The endocannabinoid system has recently been implicated in the regulation of various pathophysiological processes of the skin that include immune competence and/or tolerance of keratinocytes, the disruption of which might promote the development of skin diseases.

Recent evidence showed that CB1 in keratinocytes limits the secretion of proinflammatory chemokines, suggesting that this receptor might also regulate T cell dependent inflammatory diseases of the skin.

In this article, we sought to investigate the cytokine profile of IFN-γ-activated keratinocytes, and found that CB1 activation by AEA suppressed production and release of signature TH1- and TH17-polarizing cytokines, IL-12 and IL-23, respectively. We also set up cocultures between a conditioned medium of treated keratinocytes and naive T cells to disclose the molecular details that regulate the activation of highly proinflammatory TH1 and TH17 cells.

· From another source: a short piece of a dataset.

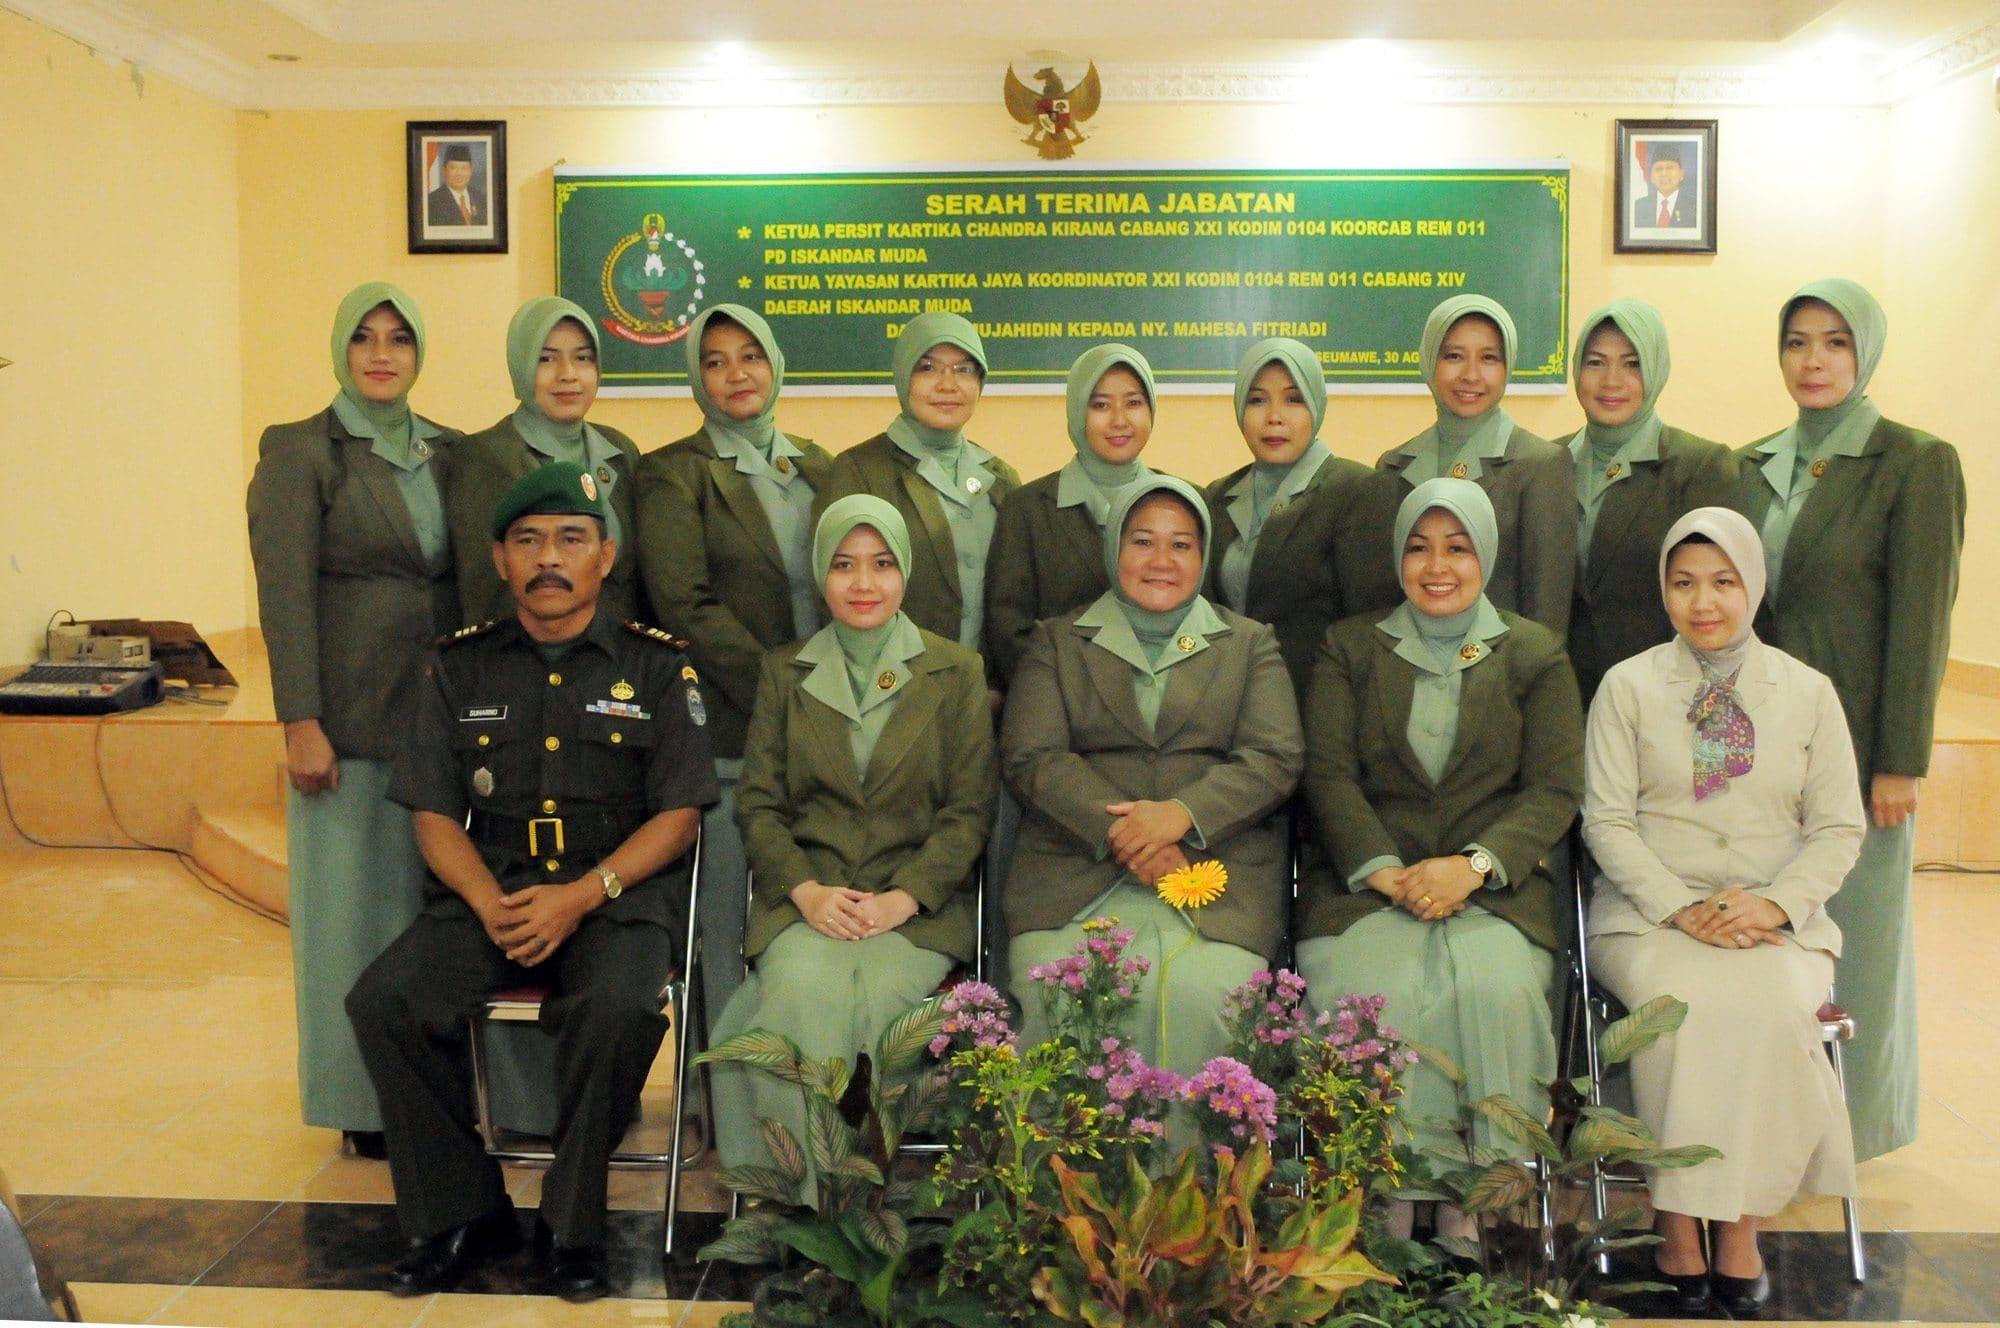 Ny Ira Hipdizah, Pimpin Serah Terima Jabatan Ketua Persit Kartika Chandra Kirana Cabang XXI Kodim 0104 Aceh Timur
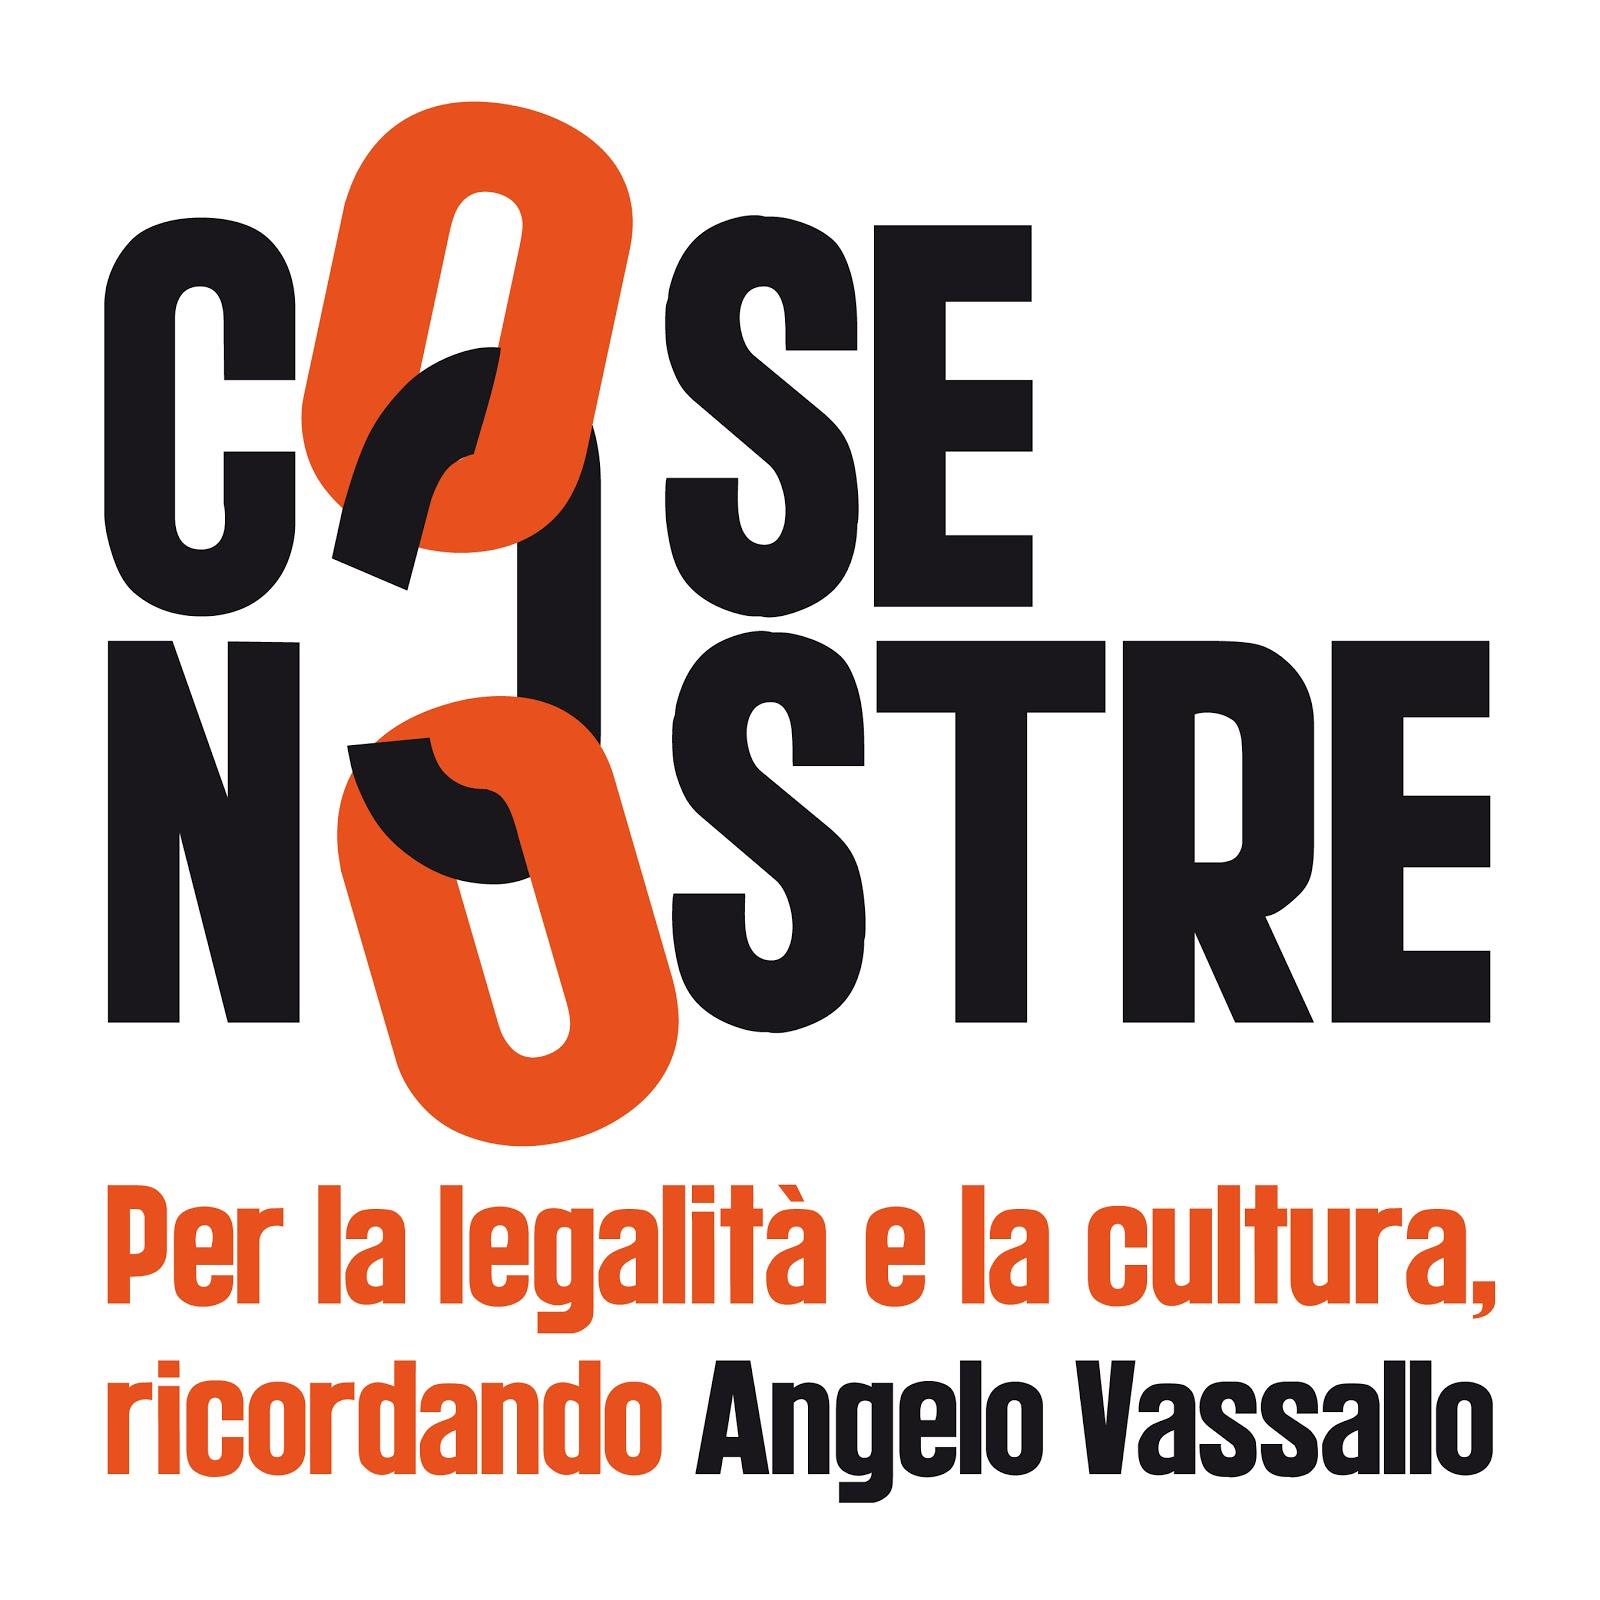 Cose+nostre+logo.jpg

AEA-treated keratinocytes showed reduced an induction of IFN-γ-producing TH1 and IL-17-producing TH17 cells, and these effects were reverted by pharmacological inhibition of CB1.

Further analyses identified mammalian target of rapamycin as a proinflammatory signaling pathway regulated by CB1, able to promote either IL-12 and IL-23 release from keratinocytes or TH1 and TH17 polarization.

Taken together, these findings demonstrate that AEA suppresses highly pathogenic T cell subsets through CB1-mediated mammalian target of rapamycin inhibition in human keratinocytes.

Thus, it can be speculated that the latter pathway might be beneficial to the physiological function of the skin, and can be targeted toward inflammation-related skin diseases.”